## PROBLEM TO WORK ON
Each line below needs to be returned exactly. Skip any picture.
======== INPUT MATERIAL ========
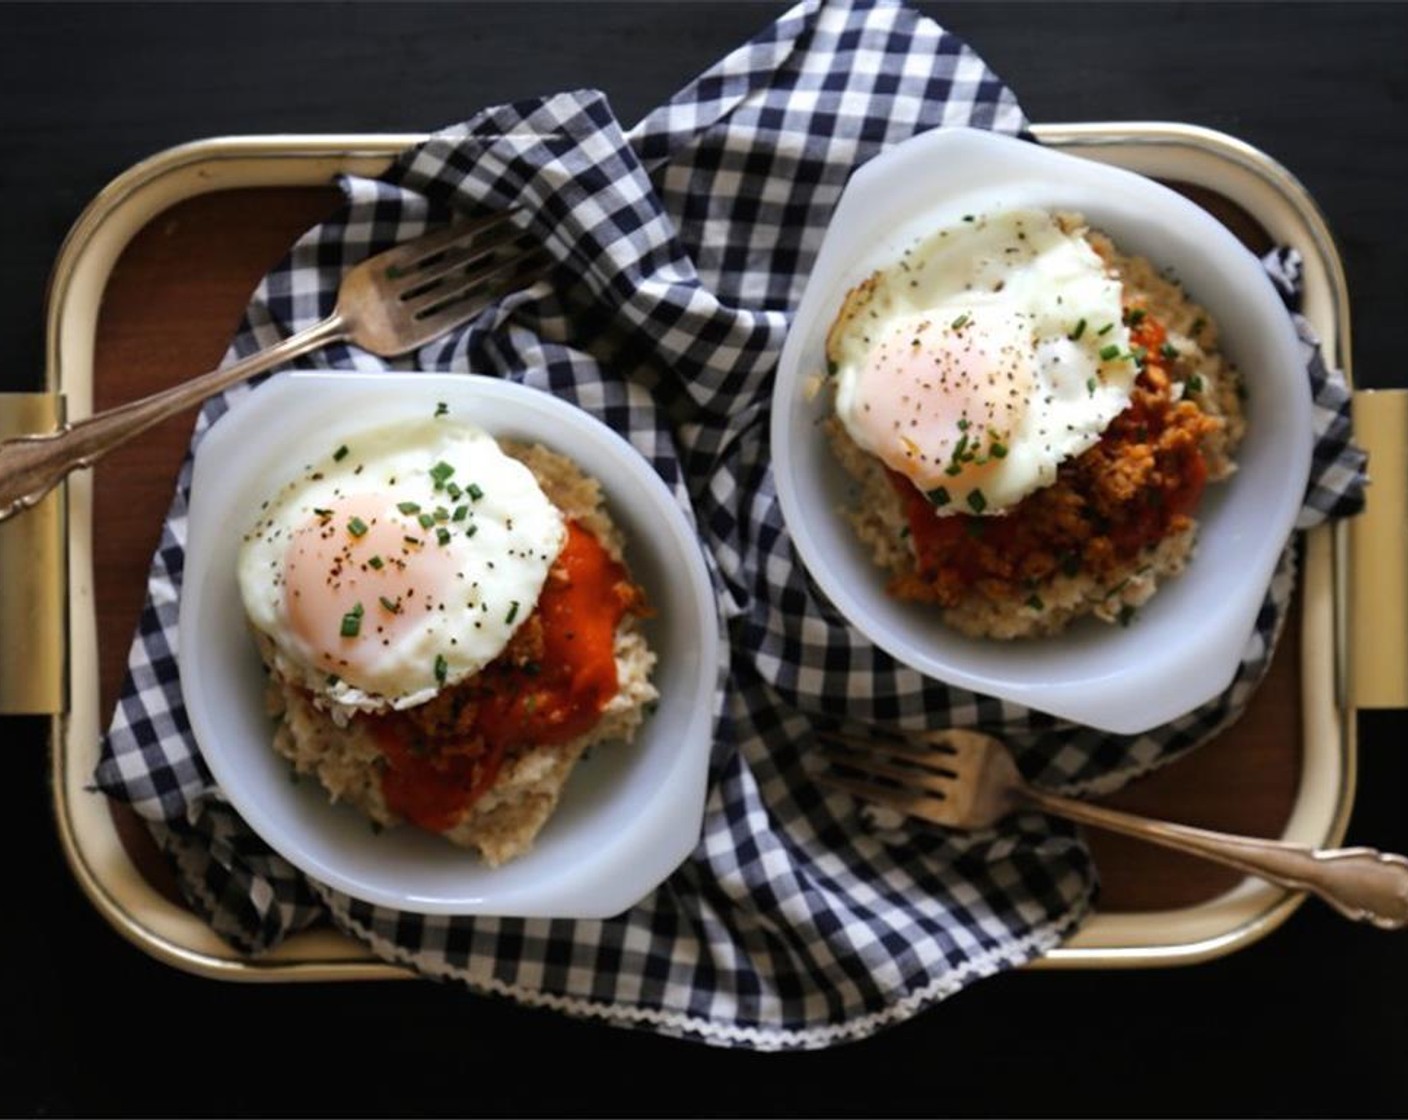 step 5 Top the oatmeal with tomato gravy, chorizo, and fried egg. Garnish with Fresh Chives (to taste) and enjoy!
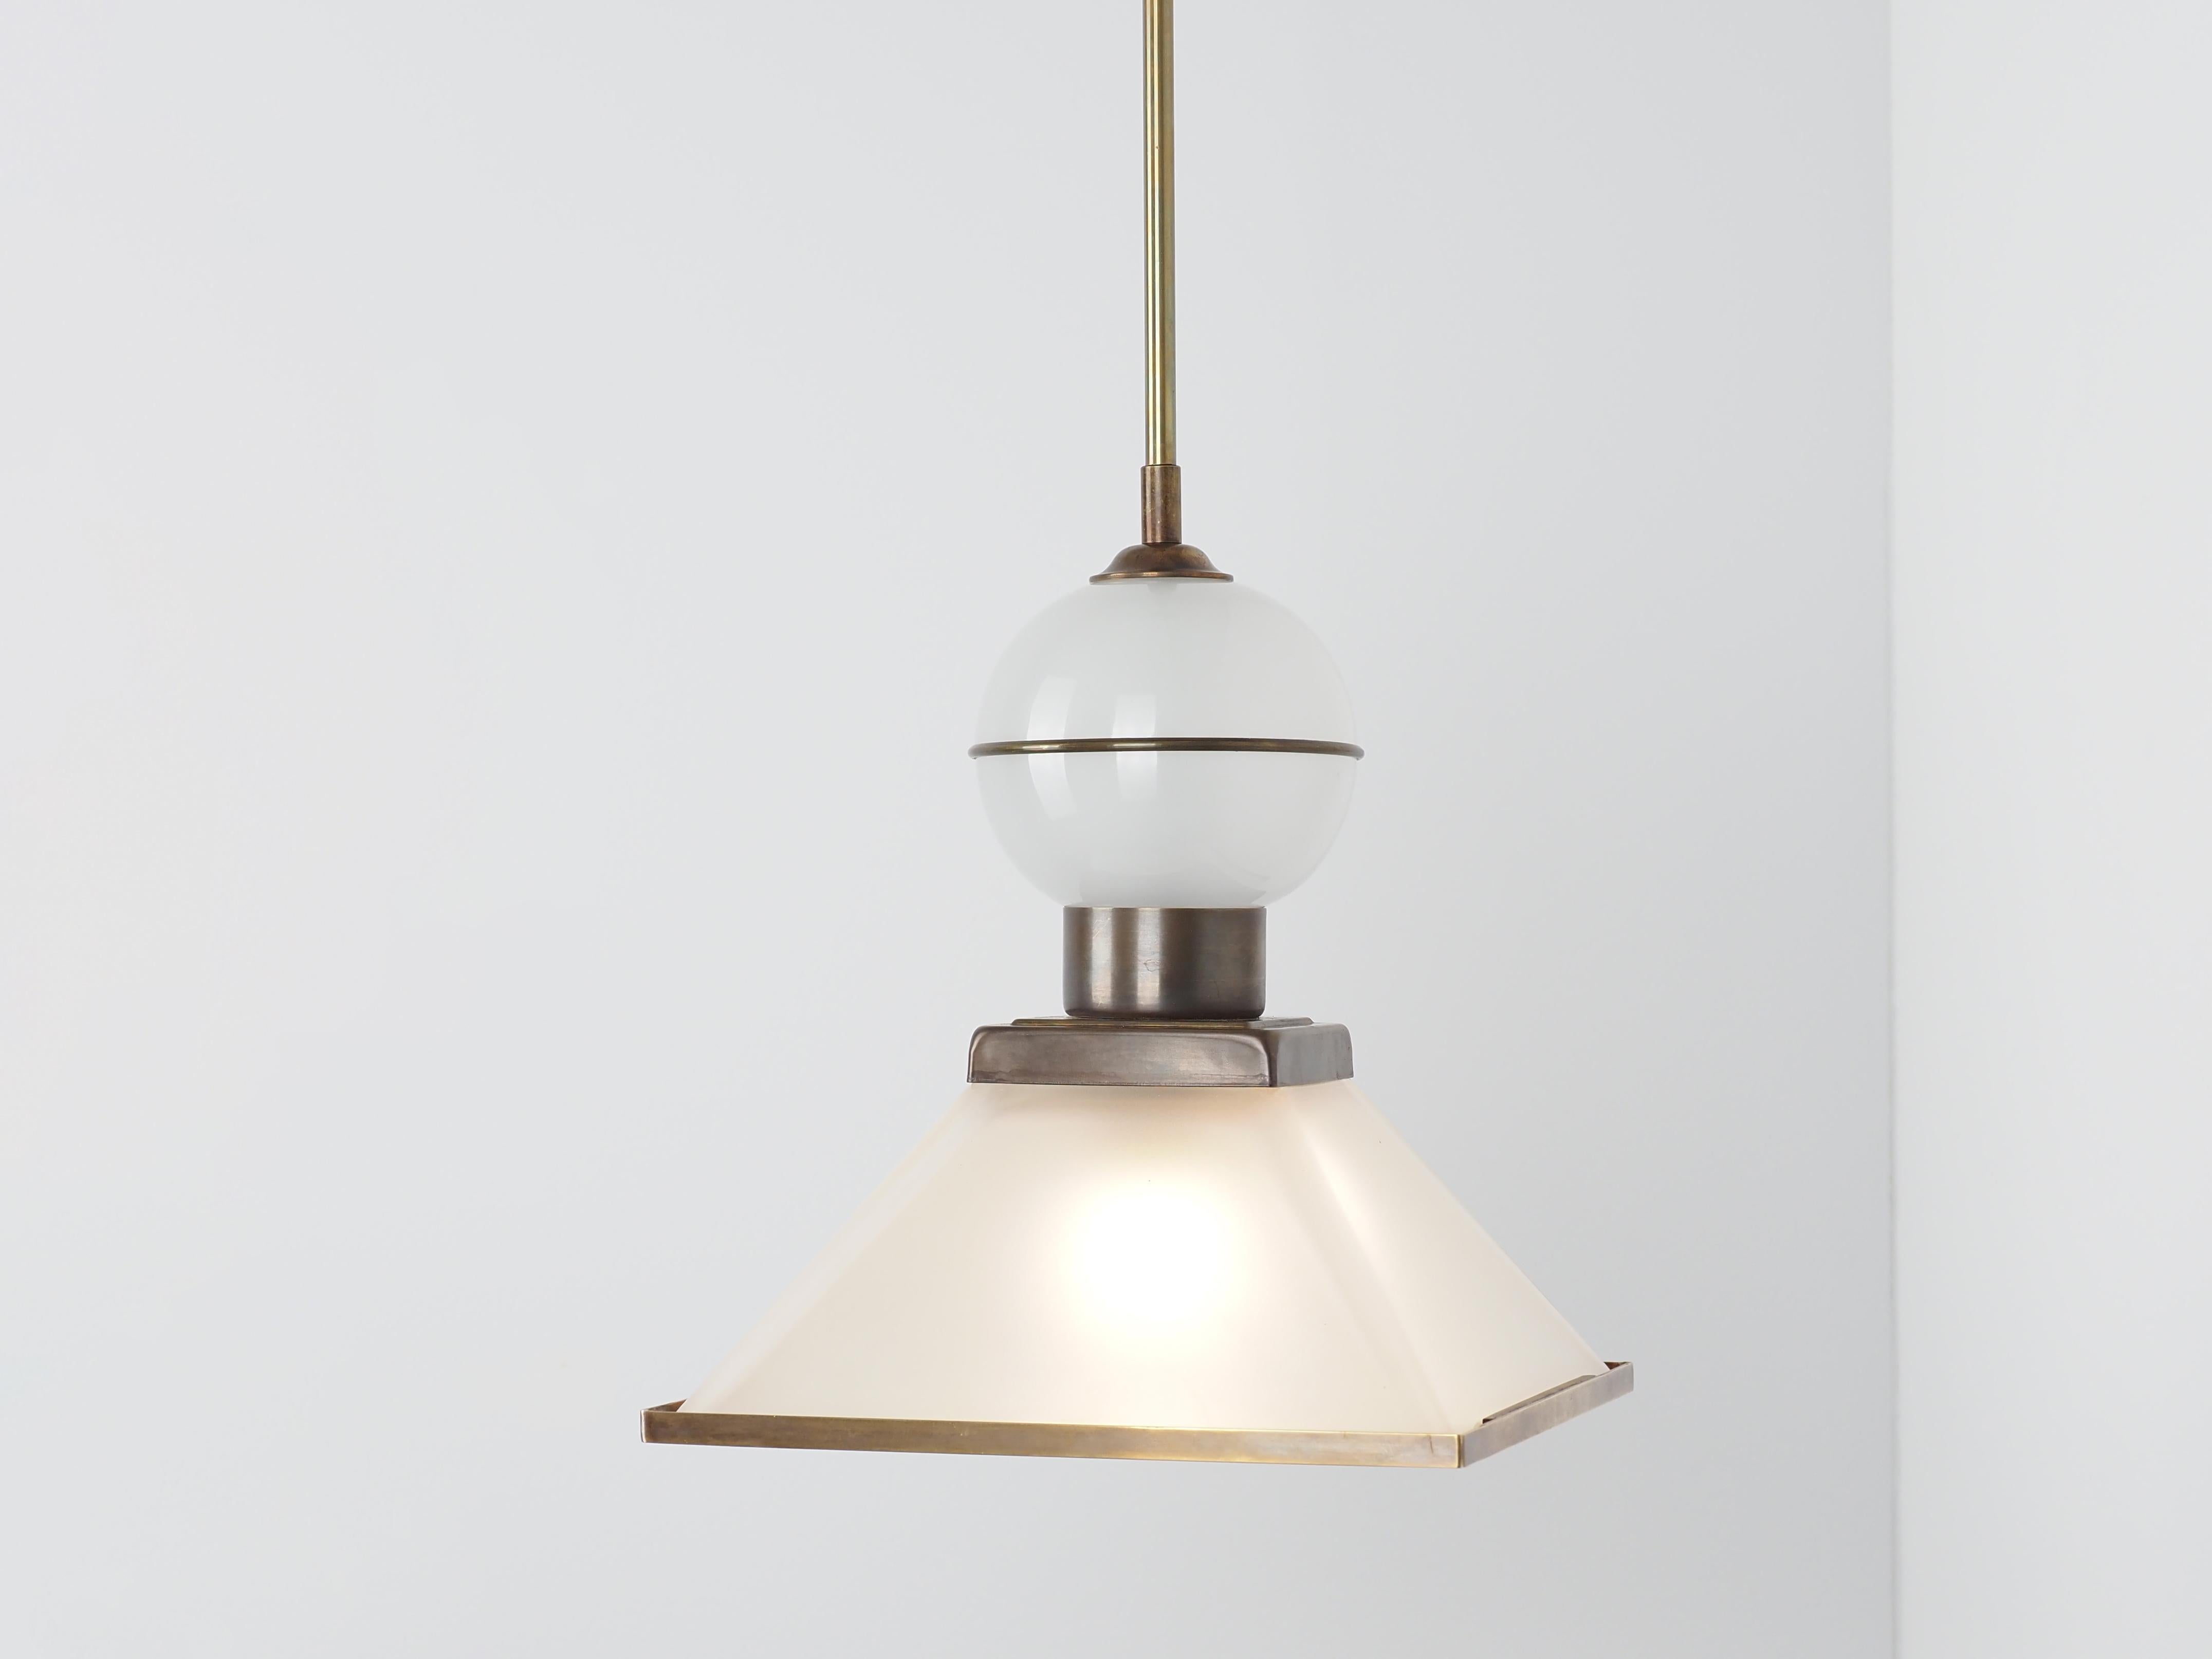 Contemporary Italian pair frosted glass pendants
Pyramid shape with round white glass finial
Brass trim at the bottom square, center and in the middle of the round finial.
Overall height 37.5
========
## EXERCISE ANSWER
 step 5 Top the oatmeal with tomato gravy, chorizo, and fried egg. Garnish with Fresh Chives (to taste) and enjoy!
 Contemporary Italian pair frosted glass pendants
Pyramid shape with round white glass finial
Brass trim at the bottom square, center and in the middle of the round finial.
Overall height 37.5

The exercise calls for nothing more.